Information given:
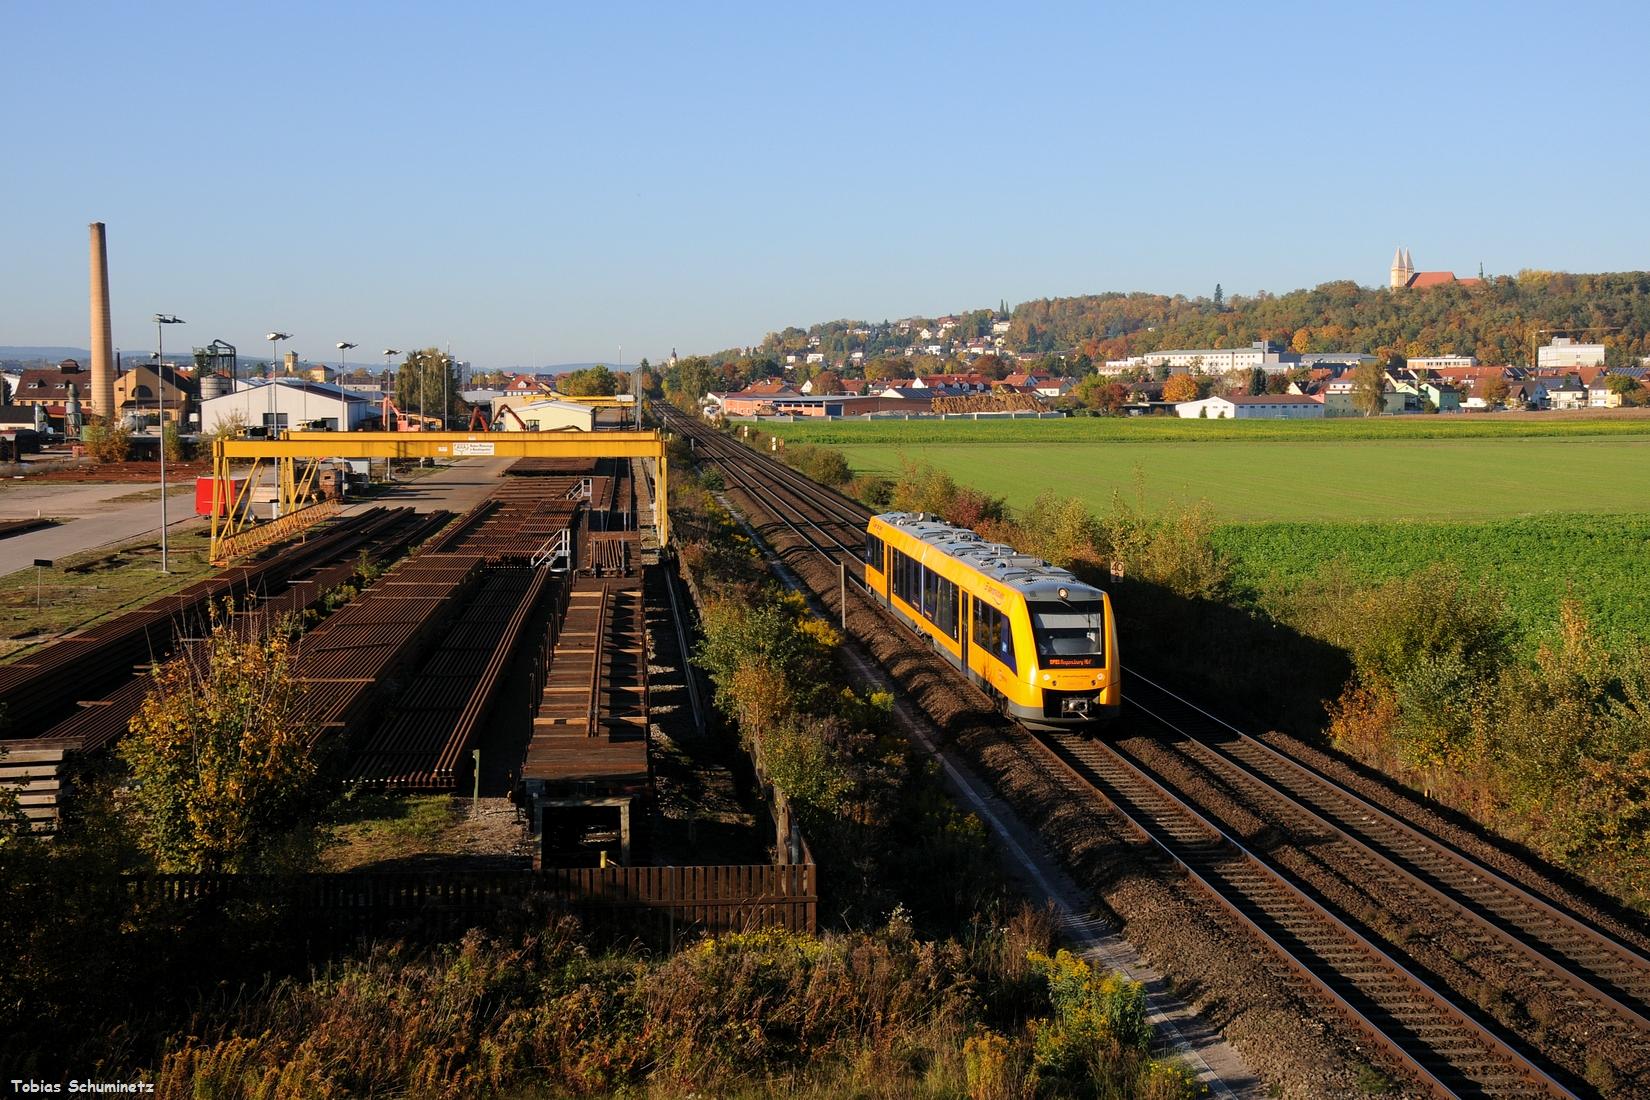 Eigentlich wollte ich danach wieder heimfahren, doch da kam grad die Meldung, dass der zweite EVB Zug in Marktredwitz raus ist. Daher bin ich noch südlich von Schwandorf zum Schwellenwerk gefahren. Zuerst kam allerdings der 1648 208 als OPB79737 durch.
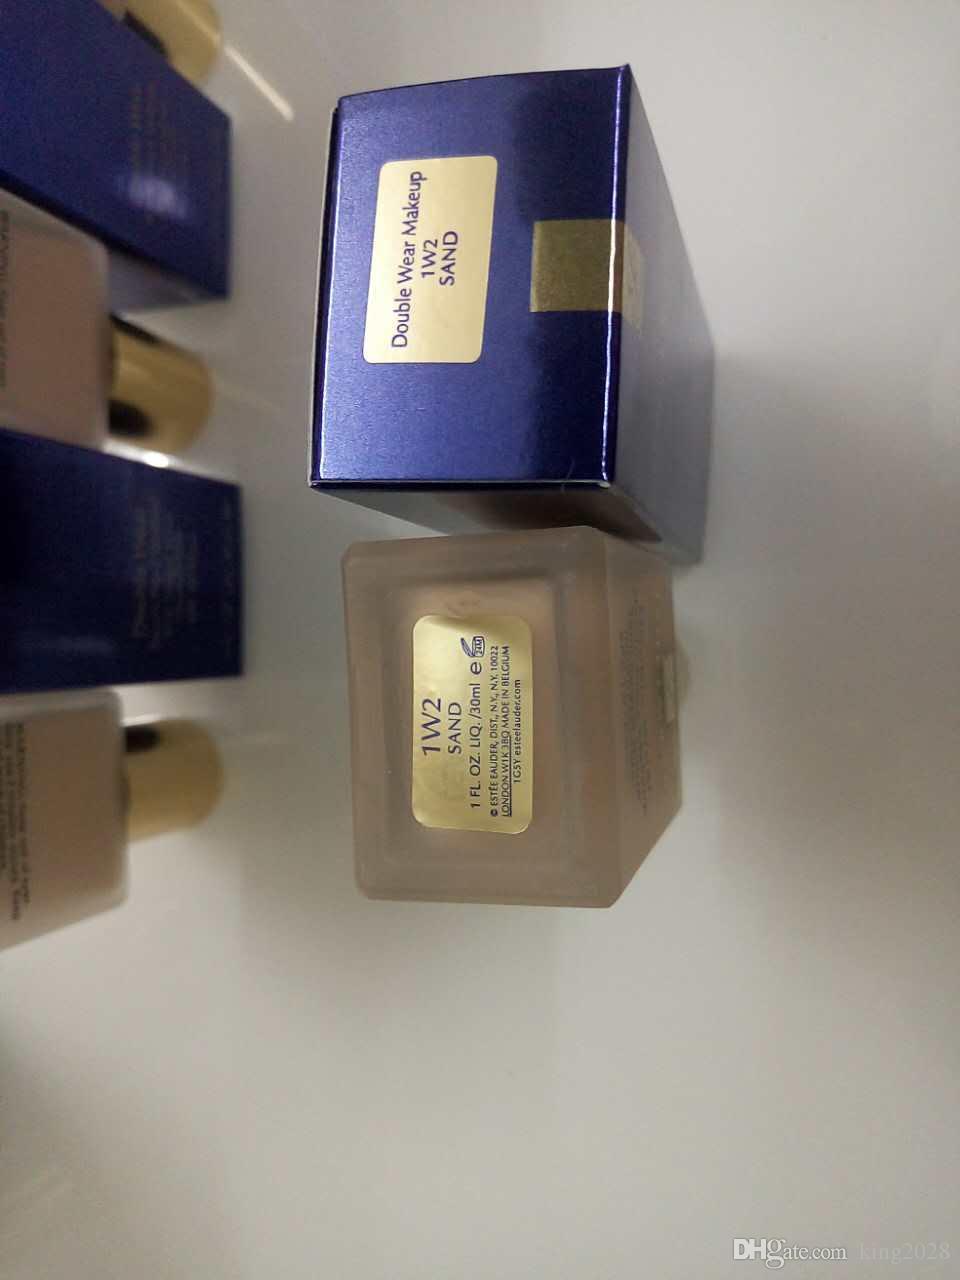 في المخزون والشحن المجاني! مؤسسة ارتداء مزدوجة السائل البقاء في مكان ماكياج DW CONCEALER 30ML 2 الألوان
--
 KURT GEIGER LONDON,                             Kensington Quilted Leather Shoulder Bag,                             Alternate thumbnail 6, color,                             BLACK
--
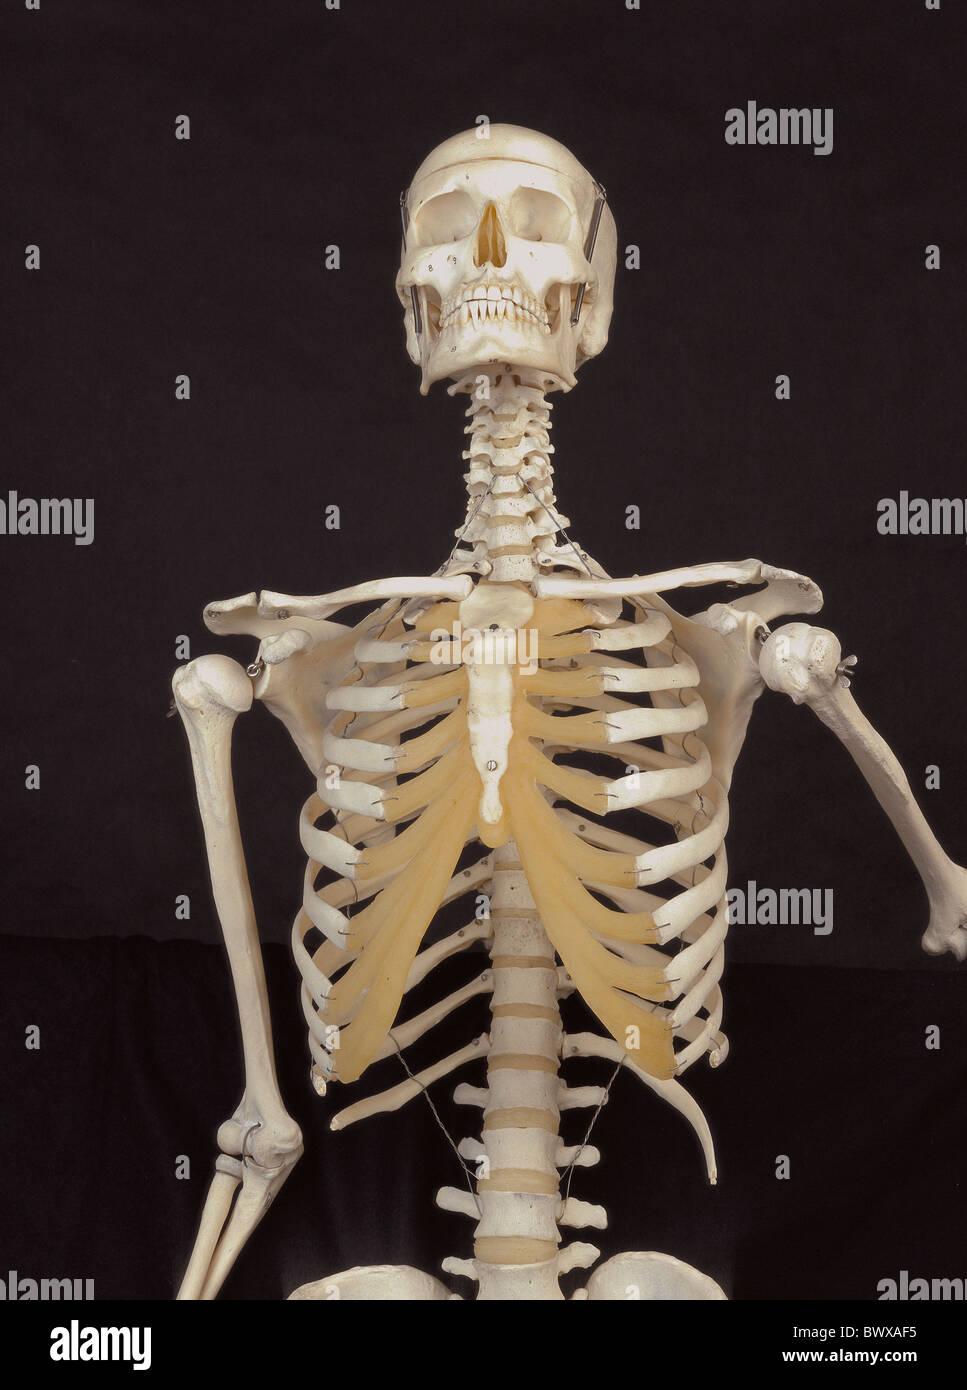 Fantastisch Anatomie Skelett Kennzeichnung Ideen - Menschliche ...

Work request: Leaving all pictures out, output exactly the lines of the material above from the line with "Eigentlich wollte ich" to the line with "في المخزون والشحن", both included.

Answer box:
 Eigentlich wollte ich danach wieder heimfahren, doch da kam grad die Meldung, dass der zweite EVB Zug in Marktredwitz raus ist. Daher bin ich noch südlich von Schwandorf zum Schwellenwerk gefahren. Zuerst kam allerdings der 1648 208 als OPB79737 durch.
 في المخزون والشحن المجاني! مؤسسة ارتداء مزدوجة السائل البقاء في مكان ماكياج DW CONCEALER 30ML 2 الألوان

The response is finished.